Dessa forma, o Sims é uma experiência muito diferente da linha SimCity que começou em 1989. SimCity é um jogo de estratégia tradicional no sentido de que é apresentado em um nível de abstração onde os indivíduos não são nada mais do que pontos semelhantes a formigas; há pouca conexão emocional, em oposição a apenas proprietária. The Sims, por outro lado, trata de gerenciar vidas idiossincraticamente individuais de sua própria invenção.
Se tudo isso se parece muito com brincar de boneca, você está certo. O público principal e mais apaixonado pelos Sims são as meninas em idade escolar.
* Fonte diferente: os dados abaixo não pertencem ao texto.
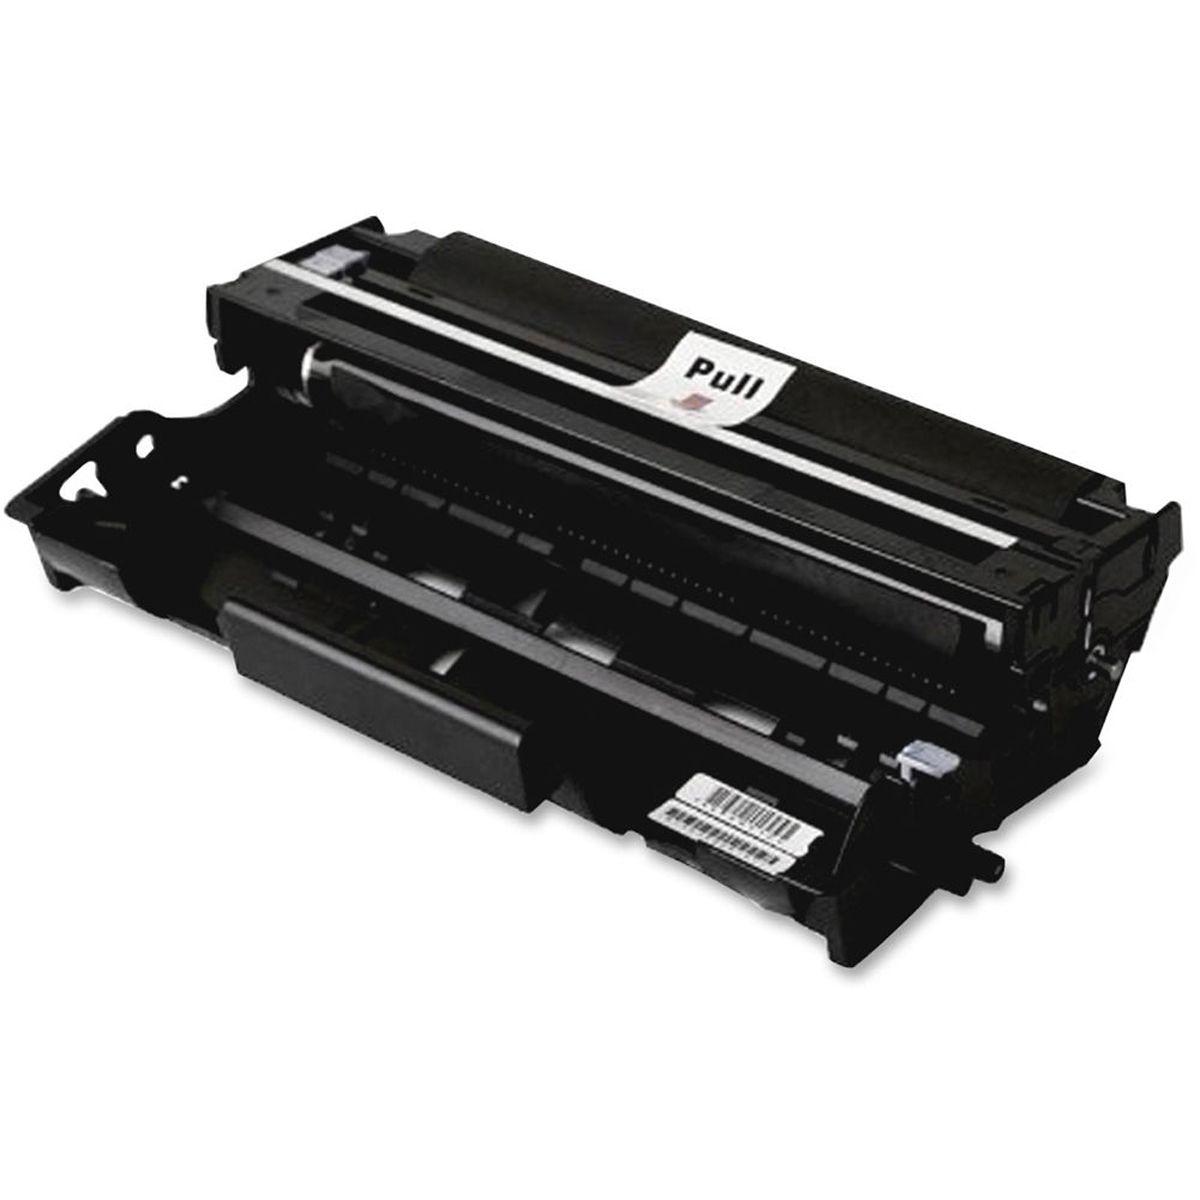 Fotocondutor DR3422 DR3442 DR3472 DR850 - L5102 L5652 L6702 L5802

Ao longo de muitos anos e muitas culturas, as meninas têm sido o grupo demográfico que mais gravita em torno de brincar na vida real. (Os meninos, por sua vez, com suas bolas de futebol e soldadinhos de chumbo, como com seus videogames, geralmente brincam de habitar alguma identidade externa aspiracional.)
À medida que envelhecemos, às vezes nos tornamos mais relutantes em explorar publicamente o que aconteceria em nossas vidas, em admitir que nos perguntamos o que mais poderíamos ter nos tornado. No fim de semana passado, conversei com uma amiga adulta no The Sims e sugeri que ela começasse sua própria casa virtual. Isso parece um teste psicológico, ela disse cautelosamente, olhando para mim com suspeita.
Claro que é. E não será nenhuma surpresa nos próximos anos ouvir que alguns terapeutas estão incorporando os Sims em suas práticas. Por que perguntar, fale-me sobre sua família? quando você poderia perguntar: por que você não cria sua família?
Nesse sentido, um dos elementos mais reveladores da popularidade dos Sims é que ele nunca teve sucesso online. A Electronic Arts certa vez pensava que as pessoas se aglomerariam para gerenciar suas famílias digitais juntas em bairros do ciberespaço, mas não foi esse o caso. Embora as meninas não tenham vergonha ou constrangimento em abrir suas casas virtuais, os adultos são mais circunspectos. Para os adultos, jogar os Sims pode ser como escrever um diário. E essa é a grande diferença entre os ciclos de morte e nascimento dos Sims e o envelhecimento simulado em um jogo de tabuleiro social como o Life.
O que descobrimos é que The Sims é uma experiência muito particular para muitas pessoas, Rod Humble, chefe do estúdio Sims, disse em uma entrevista por telefone na semana passada. É privado porque se passa na vida real. Em vez de em um console na sala de estar onde todos podem ver, você geralmente joga em um computador de mão ou em um PC no escritório, onde ninguém pode olhar por cima do seu ombro. Você começa a explorar este maravilhoso jogo imaginário da infância, que é 'E se eu pudesse criar meu próprio mundinho e todas as pessoas nele e vê-los fazer seus negócios, entrar e mudar as coisas quando eu quiser?' fantasia muito pessoal.